What next for the office in a post-COVID world?

OMERS Ventures
OMERS Ventures
Published in
9 min readMay 15, 2020
Photo by Bench Accounting on Unsplash

Written by OMERS Ventures Principal Michelle Killoran

It is very possible we are experiencing a seismic shift when it comes to where we work. Maybe we’ve had it wrong all along. Perhaps even in the long term, the need to justify ‘work from home’ will be replaced with ‘work from office’ as the rarer occasion?

One thing’s for sure: for the foreseeable future, the office life we’re all familiar with is gone. And with companies like Twitter saying employees have the option to work at home forever, and even traditional insurance companies like Nationwide closing offices and embracing work from home more permanently, it’s a safe bet that conversations about workspaces of the future are happening in businesses all over the world.

History tells us that we are adaptable and resilient, but also forgetful. The biggest unknown right now is the long-term reaction to the crisis created by the pandemic. Innovation may be driven by turbulent times, but it must also be more than simply a reaction to a moment in time.
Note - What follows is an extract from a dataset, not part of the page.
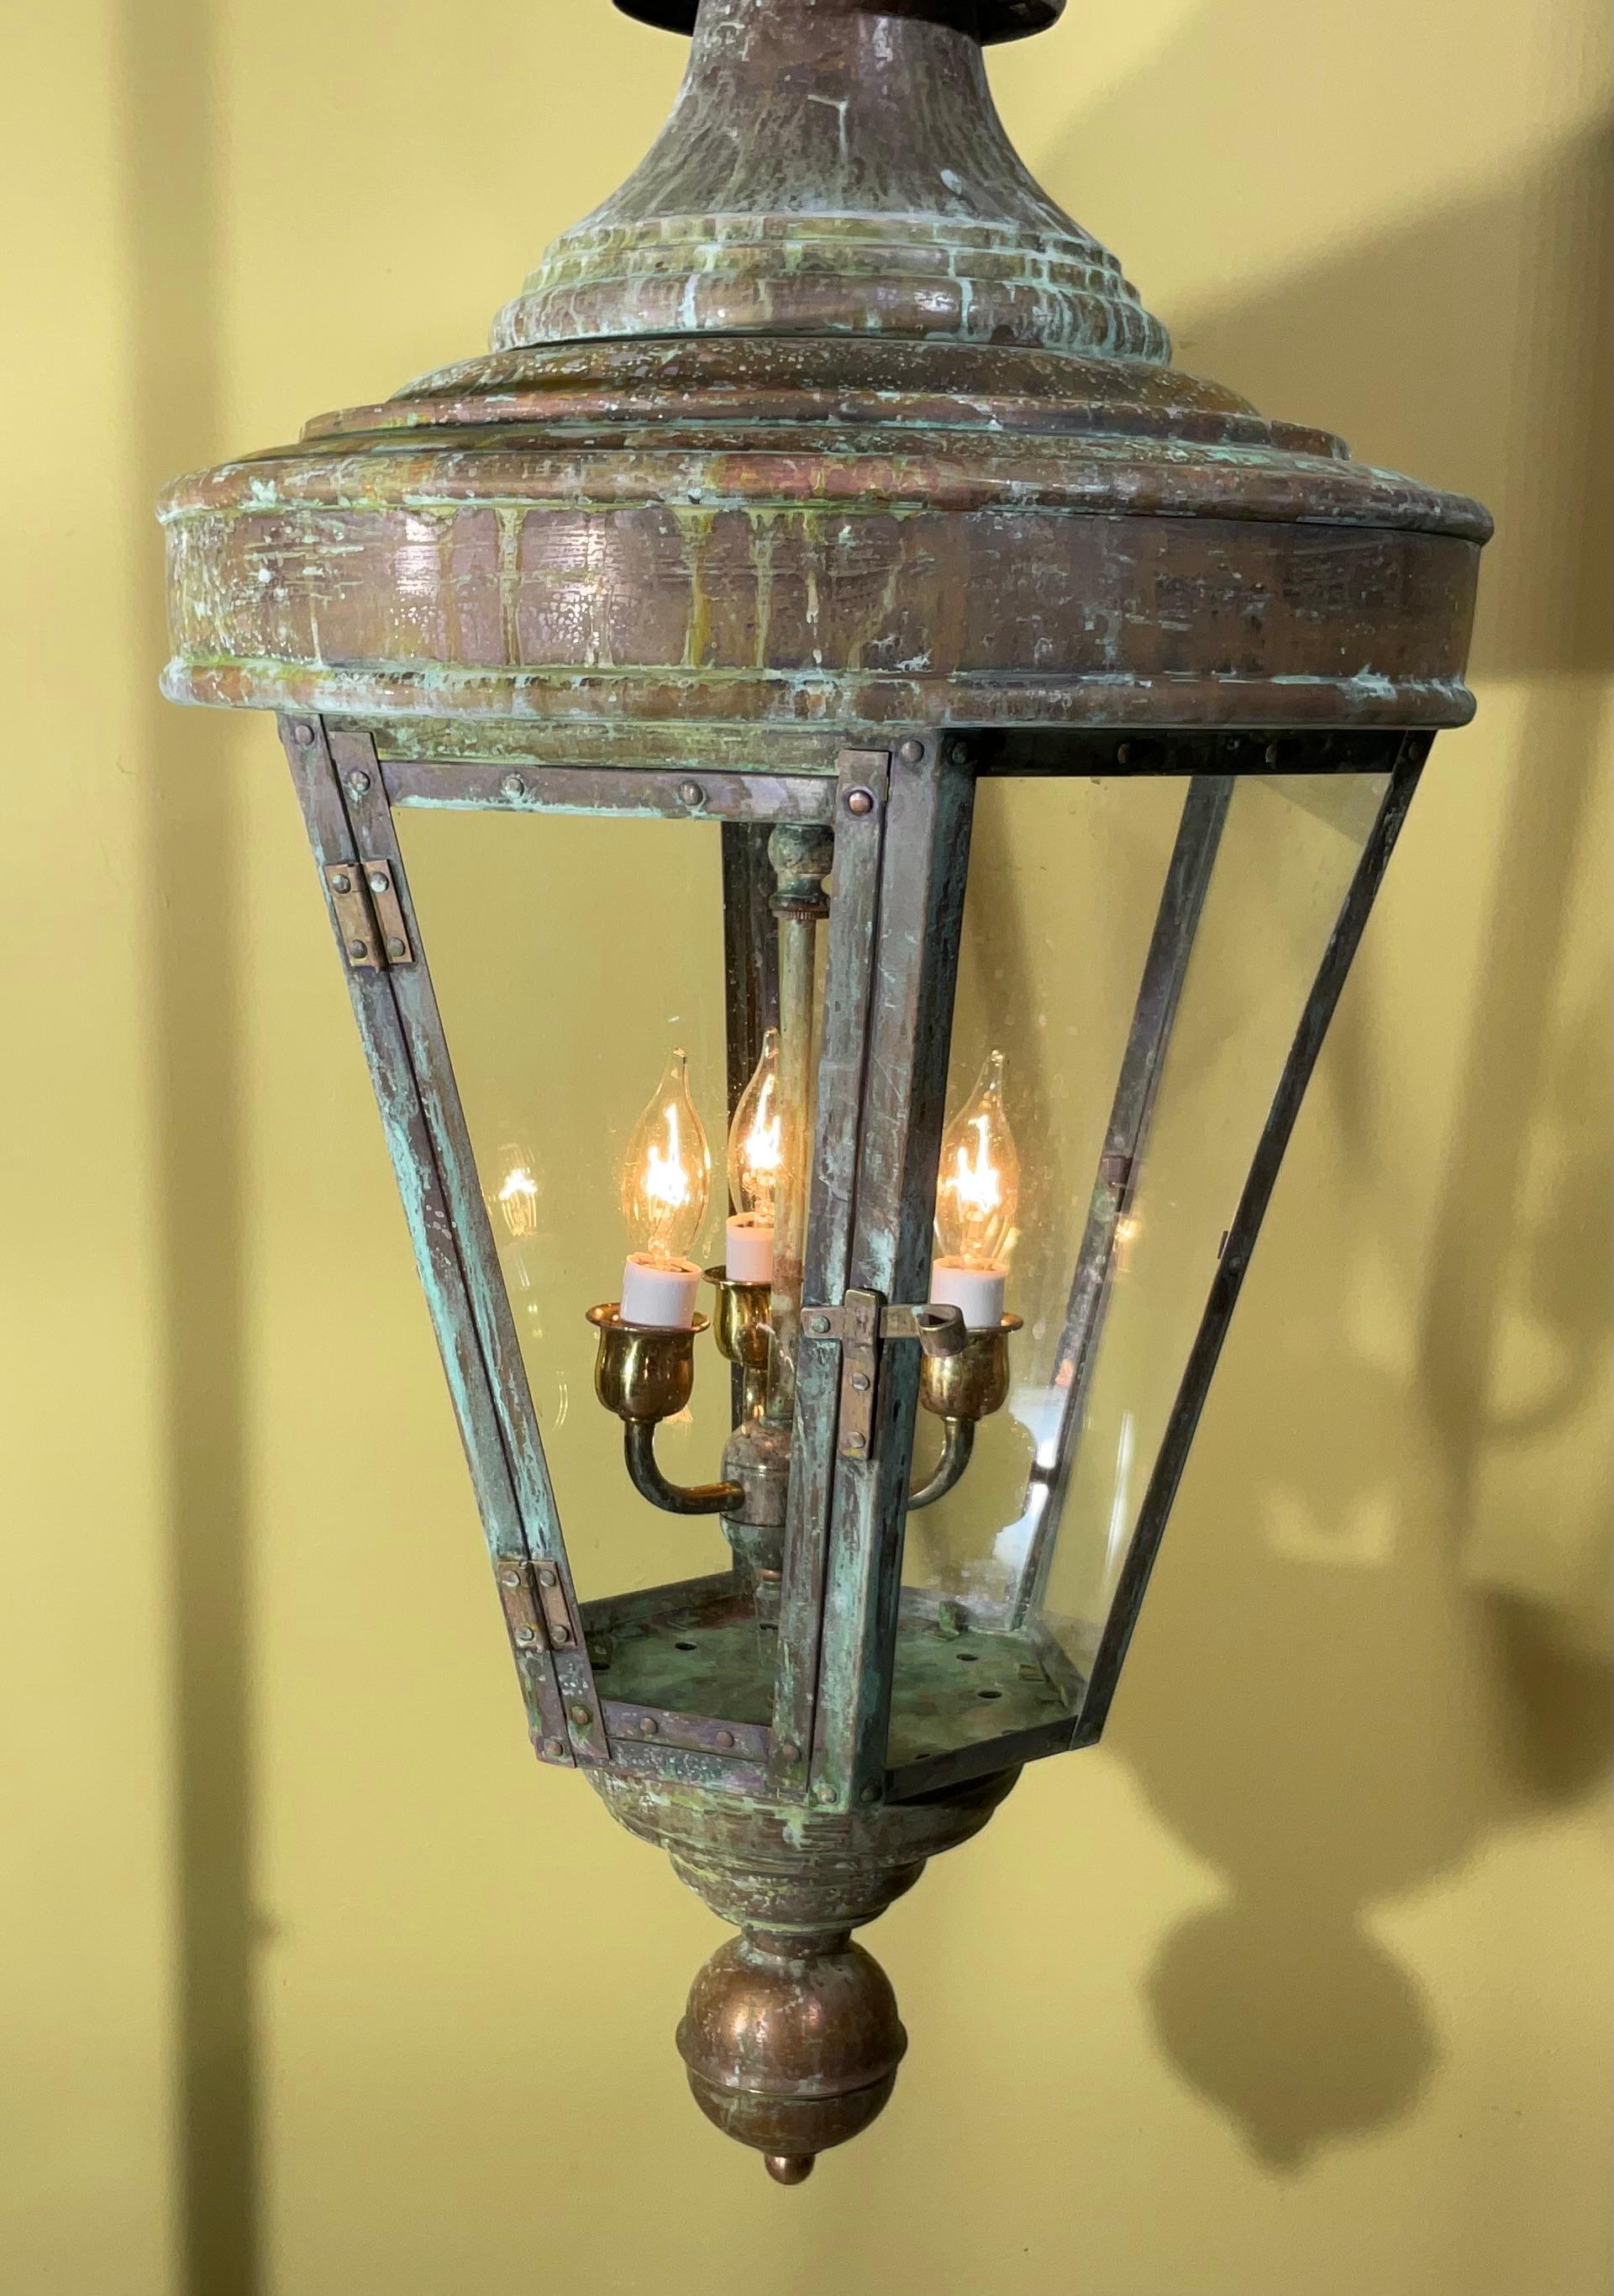 Beautiful handcrafted lantern made of solid copper with three 60/watt lights.
Electrified and ready to use , Beautiful oxidization patina.
This lantern was originally gas lantern , and converted to become electric lantern 
exceptional object of art
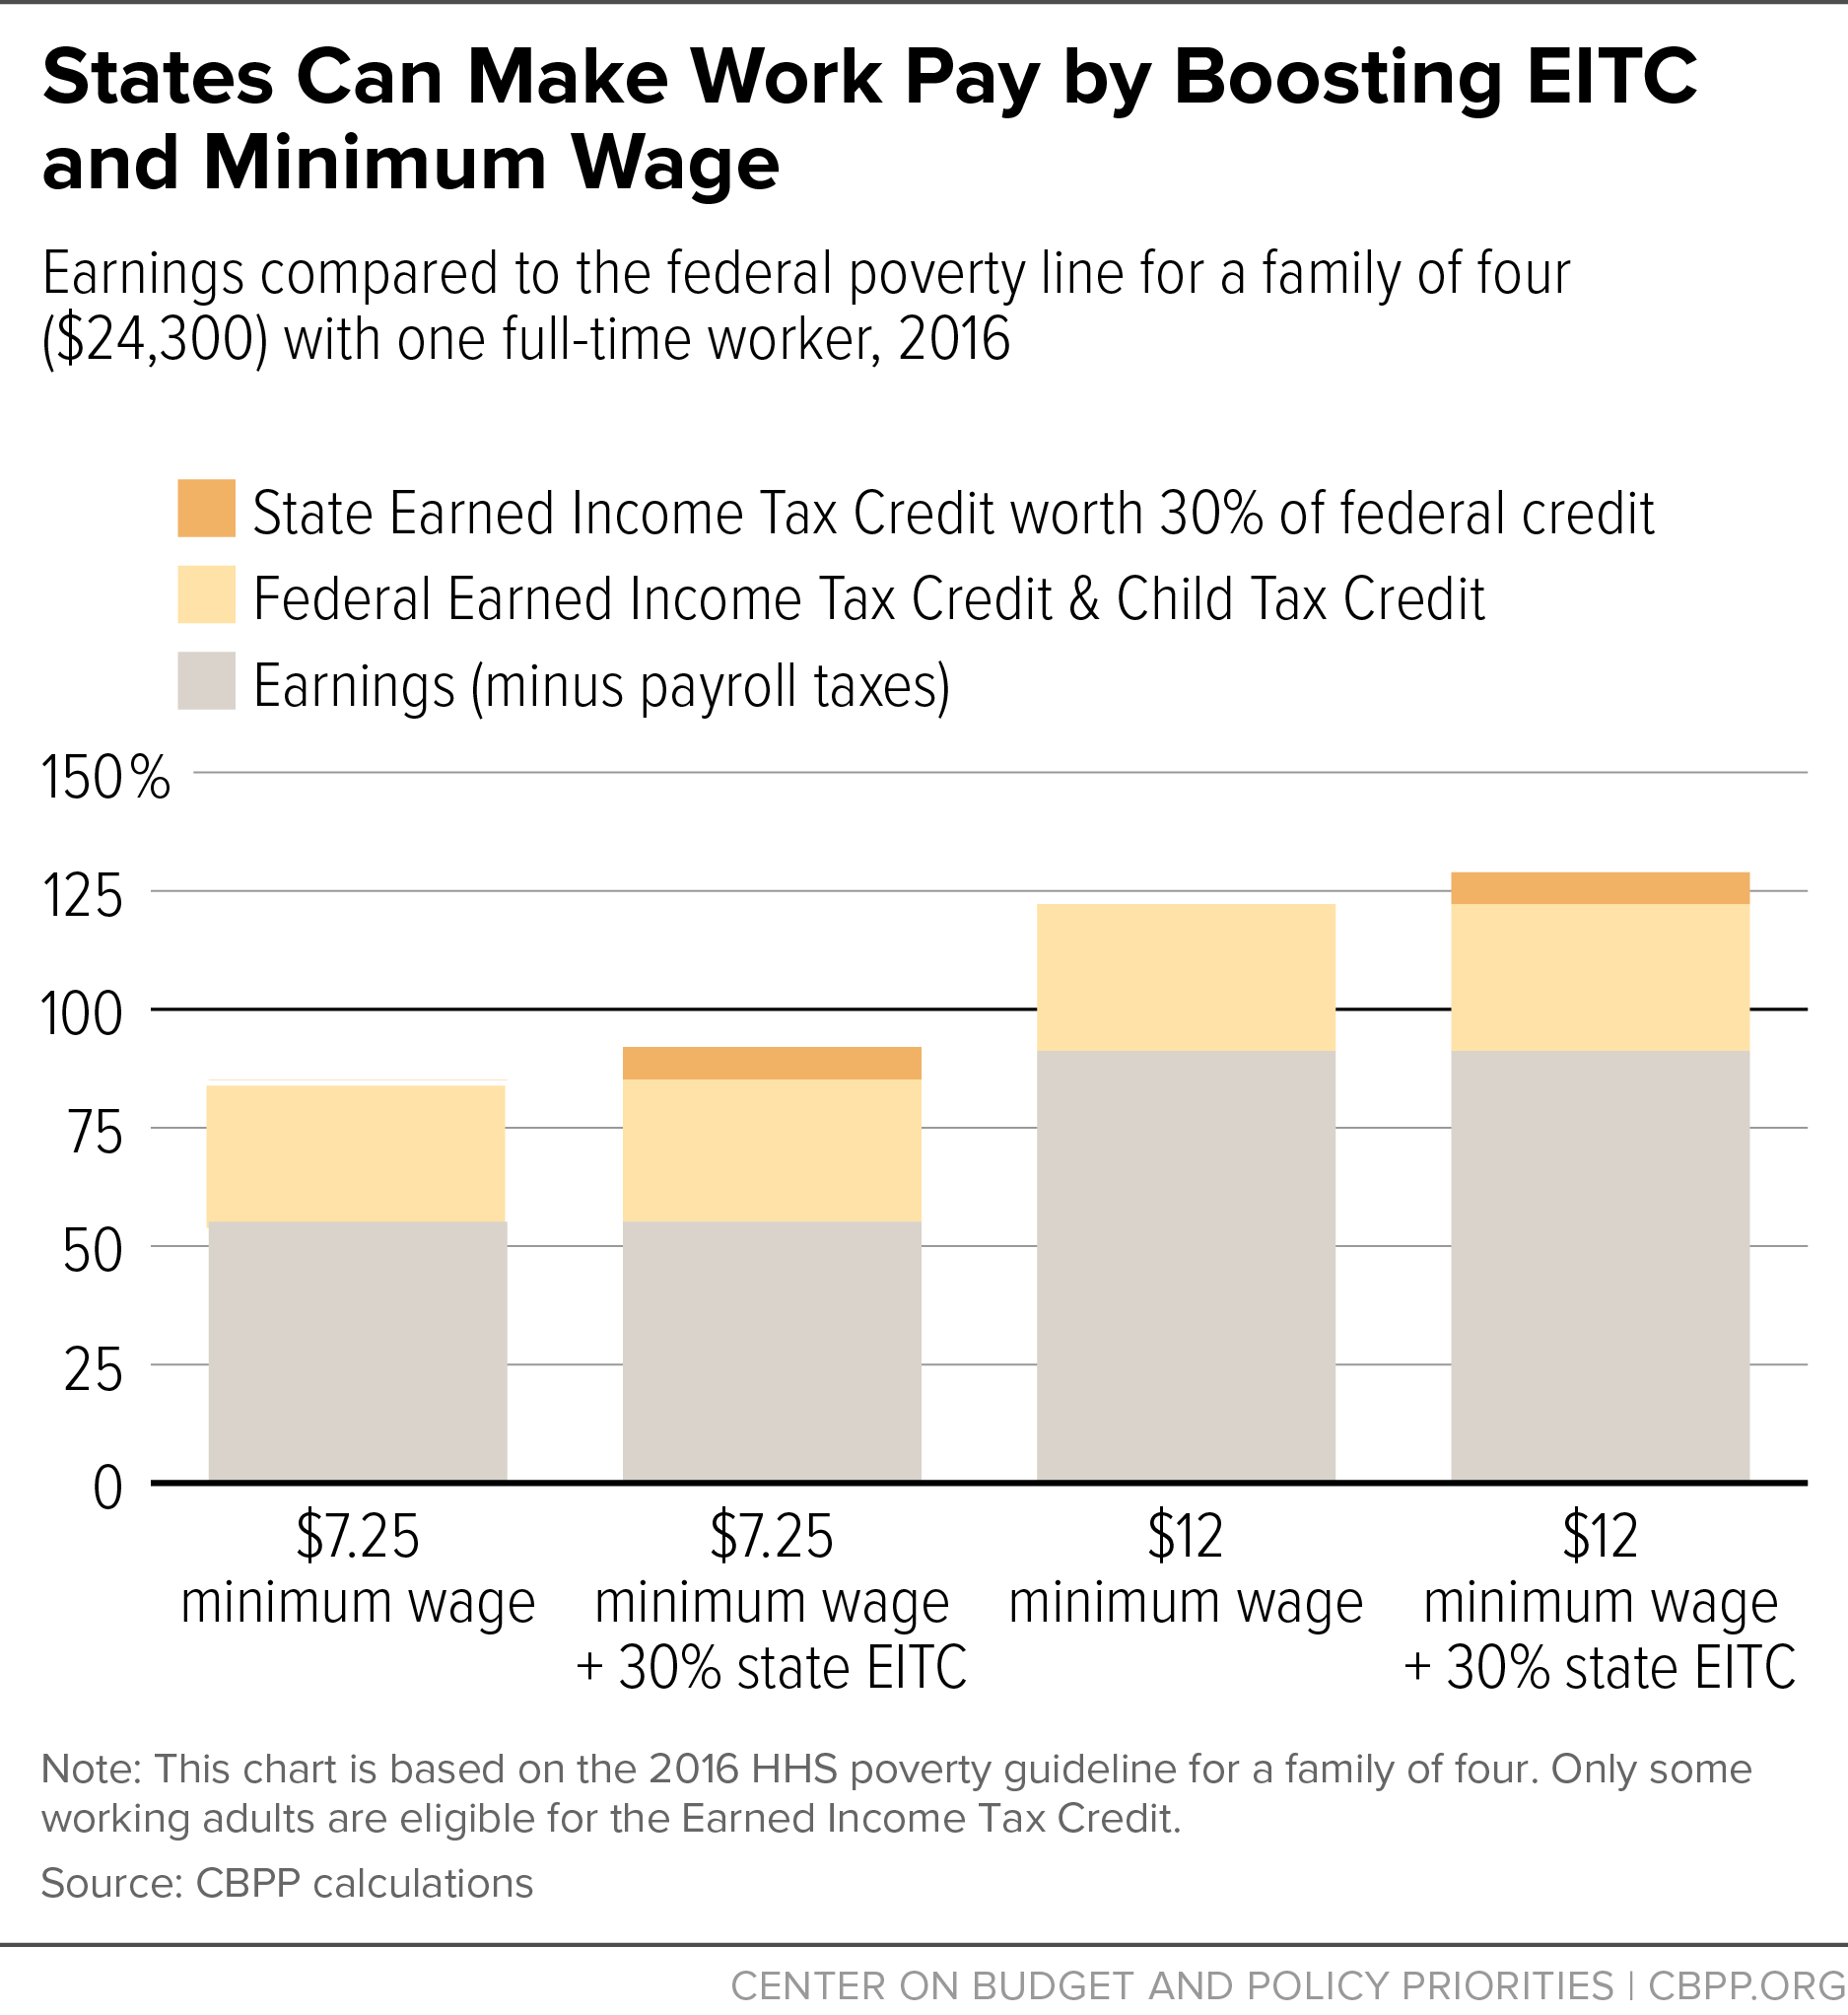 States Can Make Work Pay by Boosting EITC and Minimum Wage

Having spent the last week speaking with landlords, tenants and brokers I’ve created a matrix to start mapping the different solutions required to build out the new healthy and safe office. My goal is to prompt some questions about how these might evolve over time.

As you move across the matrix, costs go up and so does uncertainty around time to implement. I predict that the office in the short term will be different, but ultimately dollars will drive bigger decisions. The key question will be, will we all go back to office life as usual before the long-term technology-driven opportunities have the chance to become embedded?

Solutions will be very manual and procedural at first, but over time, technology will play a critical role. The big assumption I’m making is that offices will never revert back to how they operated before: highly social, minimal square foot per person, amenity rich with a focus on collaboration in person. Initially, companies making a bold investment will build employee trust and help reduce fear, but how long will that last? In this economic environment, where companies are even more cost conscious, any new technologies will really need to prove their return on investment to get traction.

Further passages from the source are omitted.